Task to carry out:
Using the data below, transcribe exactly everything from the line that contains "Joe Manganiello- I" down to the line that contains "A person using the can opener on a small can". Include both of those lines and none of the pictures.

[Data provided Boundary: Start]

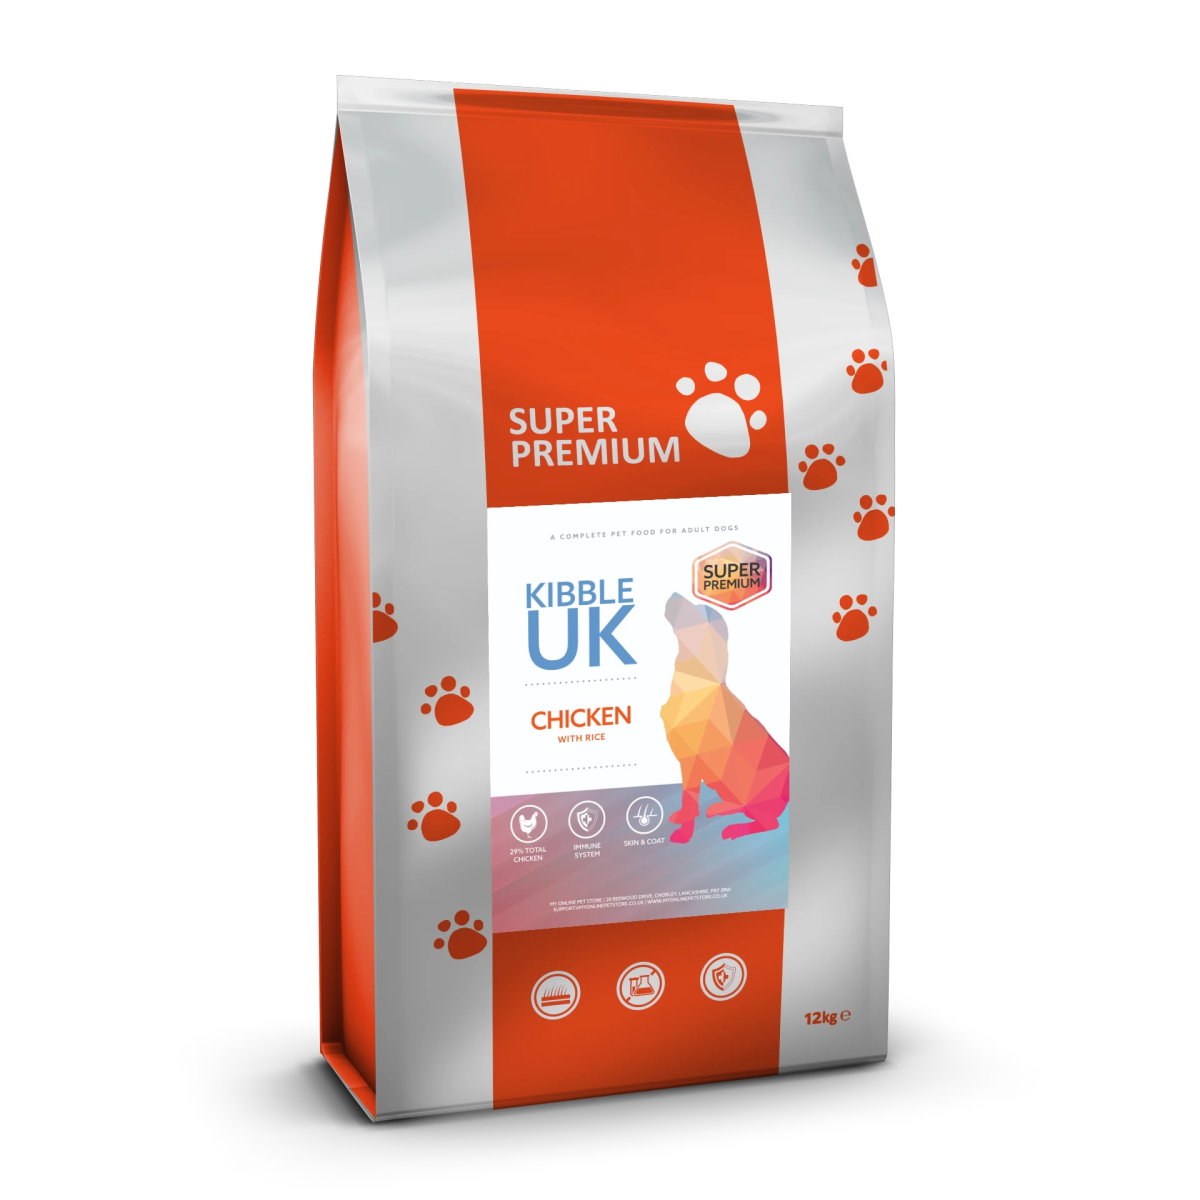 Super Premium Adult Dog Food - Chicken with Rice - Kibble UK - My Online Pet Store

[Data provided Boundary: End]
[Data provided Boundary: Start]

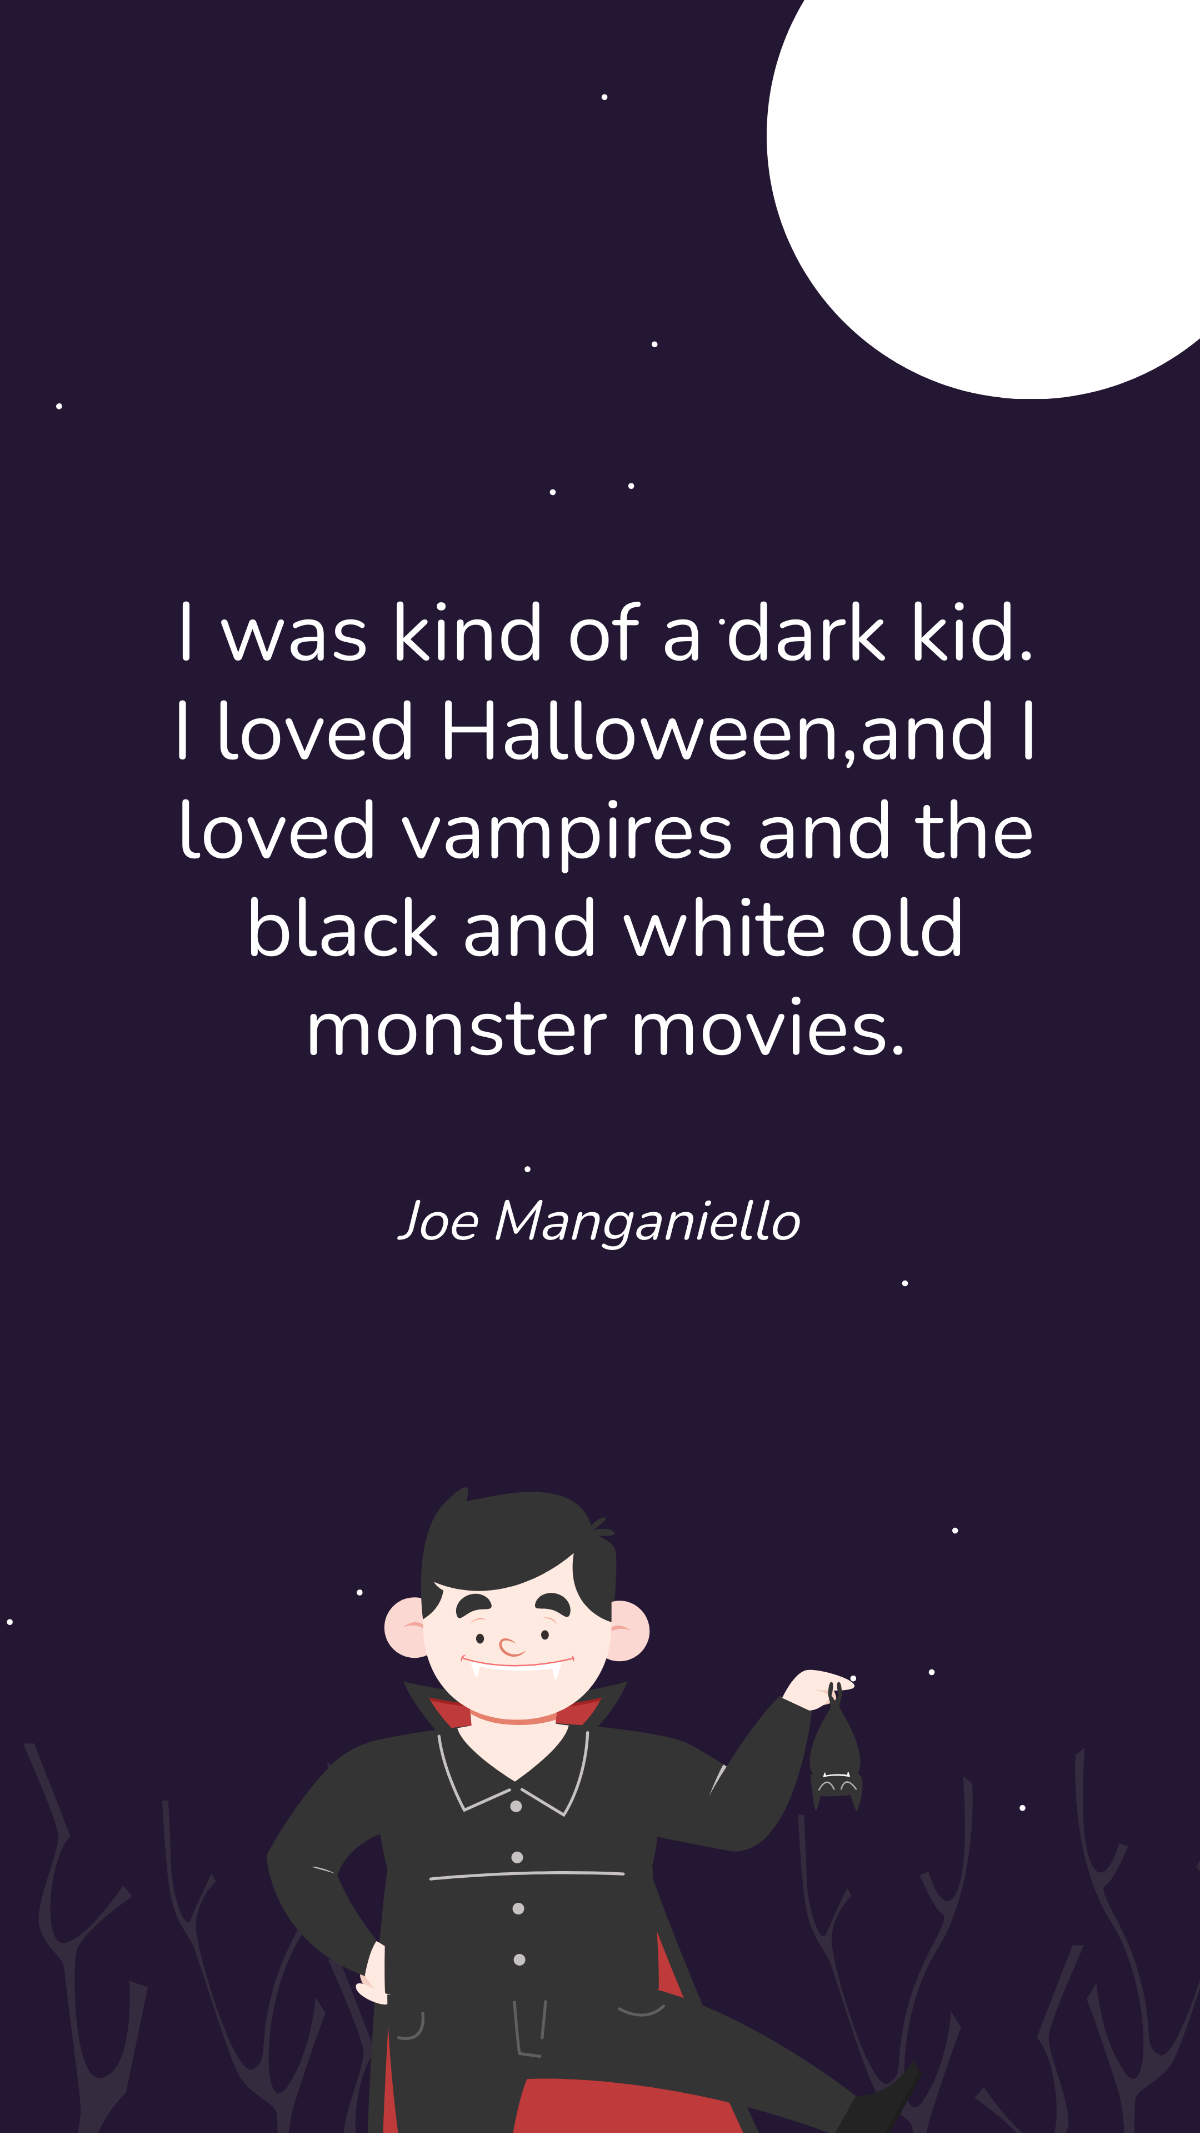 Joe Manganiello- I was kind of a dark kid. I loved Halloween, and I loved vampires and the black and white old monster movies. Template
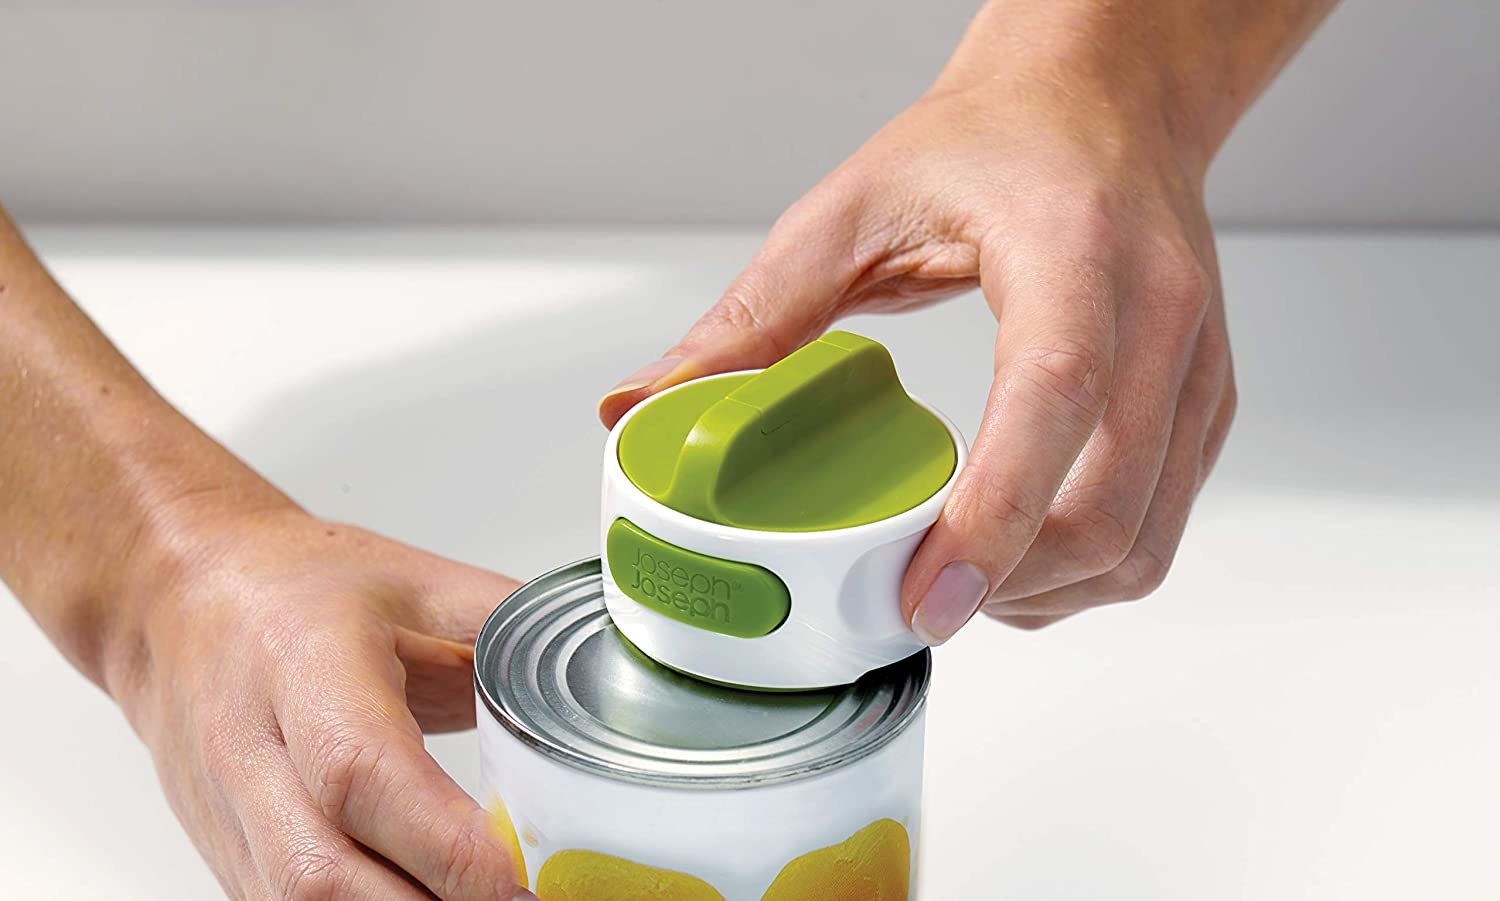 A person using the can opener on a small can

[Data provided Boundary: End]
[Data provided Boundary: Start]

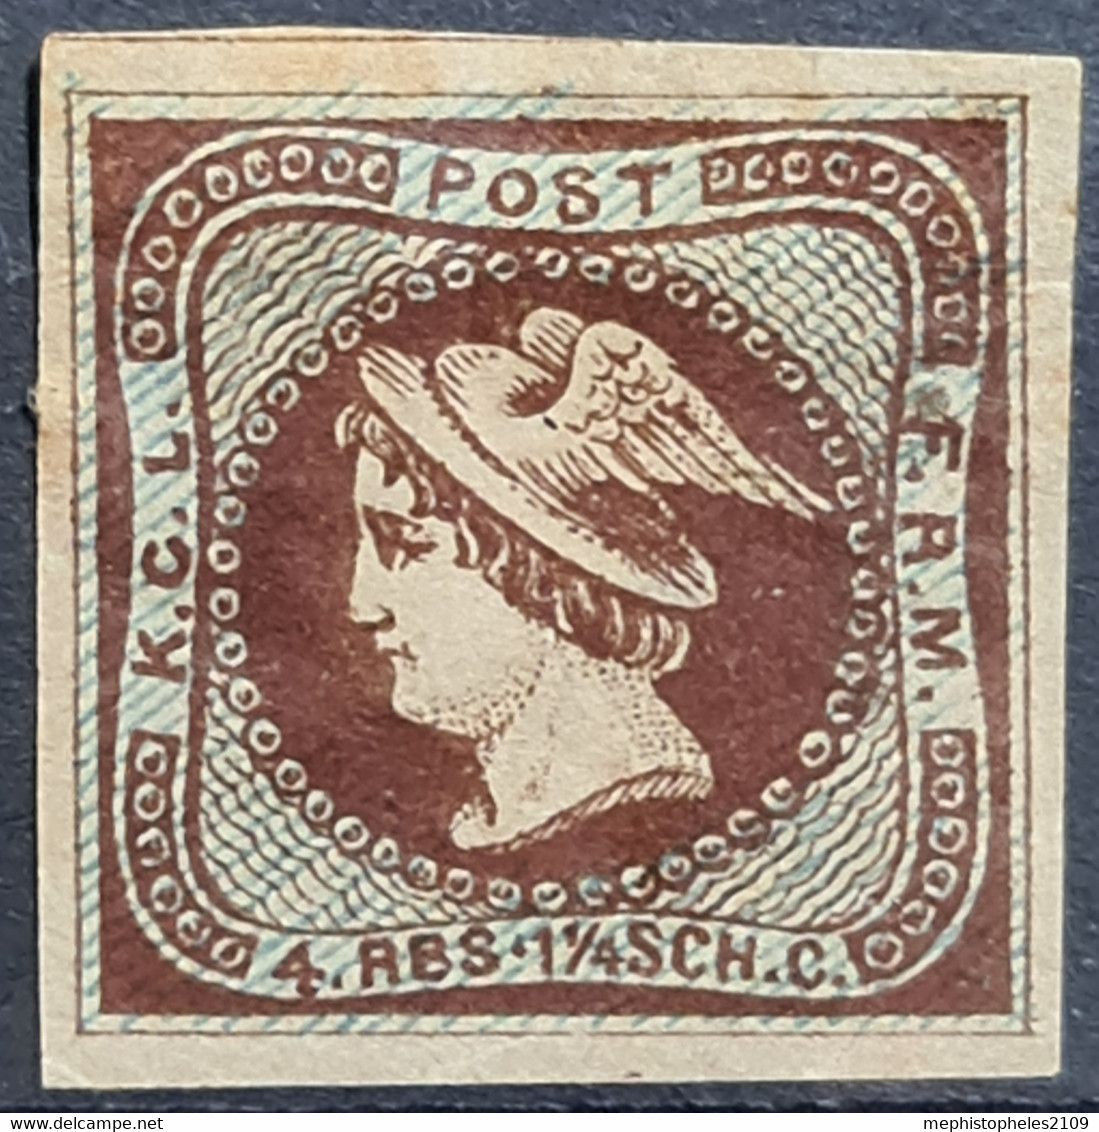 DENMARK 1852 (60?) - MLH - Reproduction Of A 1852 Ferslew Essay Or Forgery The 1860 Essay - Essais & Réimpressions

[Data provided Boundary: End]

Exercise output:
 Joe Manganiello- I was kind of a dark kid. I loved Halloween, and I loved vampires and the black and white old monster movies. Template
 A person using the can opener on a small can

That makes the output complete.